Task description: Report each line from the records where the string "Foto" turns up.

Supplied records:
═══
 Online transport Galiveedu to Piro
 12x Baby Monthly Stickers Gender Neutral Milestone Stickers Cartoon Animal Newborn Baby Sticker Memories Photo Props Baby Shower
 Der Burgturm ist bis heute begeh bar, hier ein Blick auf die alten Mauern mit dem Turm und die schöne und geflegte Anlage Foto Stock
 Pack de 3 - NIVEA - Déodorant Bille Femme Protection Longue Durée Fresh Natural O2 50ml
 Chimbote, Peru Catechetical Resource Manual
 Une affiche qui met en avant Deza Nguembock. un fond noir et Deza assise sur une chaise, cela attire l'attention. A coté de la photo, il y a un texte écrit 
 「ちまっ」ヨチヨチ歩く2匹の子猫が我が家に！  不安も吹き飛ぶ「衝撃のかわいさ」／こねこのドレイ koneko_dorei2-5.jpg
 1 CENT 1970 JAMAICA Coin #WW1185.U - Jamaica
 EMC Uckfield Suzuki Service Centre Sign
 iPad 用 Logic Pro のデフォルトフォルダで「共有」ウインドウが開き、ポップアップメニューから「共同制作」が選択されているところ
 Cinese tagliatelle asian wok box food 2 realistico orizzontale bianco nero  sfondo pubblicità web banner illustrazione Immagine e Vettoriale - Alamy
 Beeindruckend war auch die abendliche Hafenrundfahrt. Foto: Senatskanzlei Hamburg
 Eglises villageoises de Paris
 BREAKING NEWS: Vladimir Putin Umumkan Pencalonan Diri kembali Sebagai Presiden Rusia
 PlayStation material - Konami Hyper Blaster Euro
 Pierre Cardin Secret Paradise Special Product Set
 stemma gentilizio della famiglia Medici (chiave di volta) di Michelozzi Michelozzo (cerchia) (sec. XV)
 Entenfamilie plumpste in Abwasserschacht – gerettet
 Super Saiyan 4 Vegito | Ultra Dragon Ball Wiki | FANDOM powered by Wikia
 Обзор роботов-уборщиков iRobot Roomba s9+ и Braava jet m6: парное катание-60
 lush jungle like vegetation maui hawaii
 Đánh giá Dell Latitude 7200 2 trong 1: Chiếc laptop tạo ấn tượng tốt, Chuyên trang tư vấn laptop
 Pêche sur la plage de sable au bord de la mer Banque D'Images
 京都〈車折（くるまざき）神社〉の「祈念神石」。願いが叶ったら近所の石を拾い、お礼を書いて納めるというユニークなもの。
═══
Exercise result:
 Der Burgturm ist bis heute begeh bar, hier ein Blick auf die alten Mauern mit dem Turm und die schöne und geflegte Anlage Foto Stock
 Beeindruckend war auch die abendliche Hafenrundfahrt. Foto: Senatskanzlei Hamburg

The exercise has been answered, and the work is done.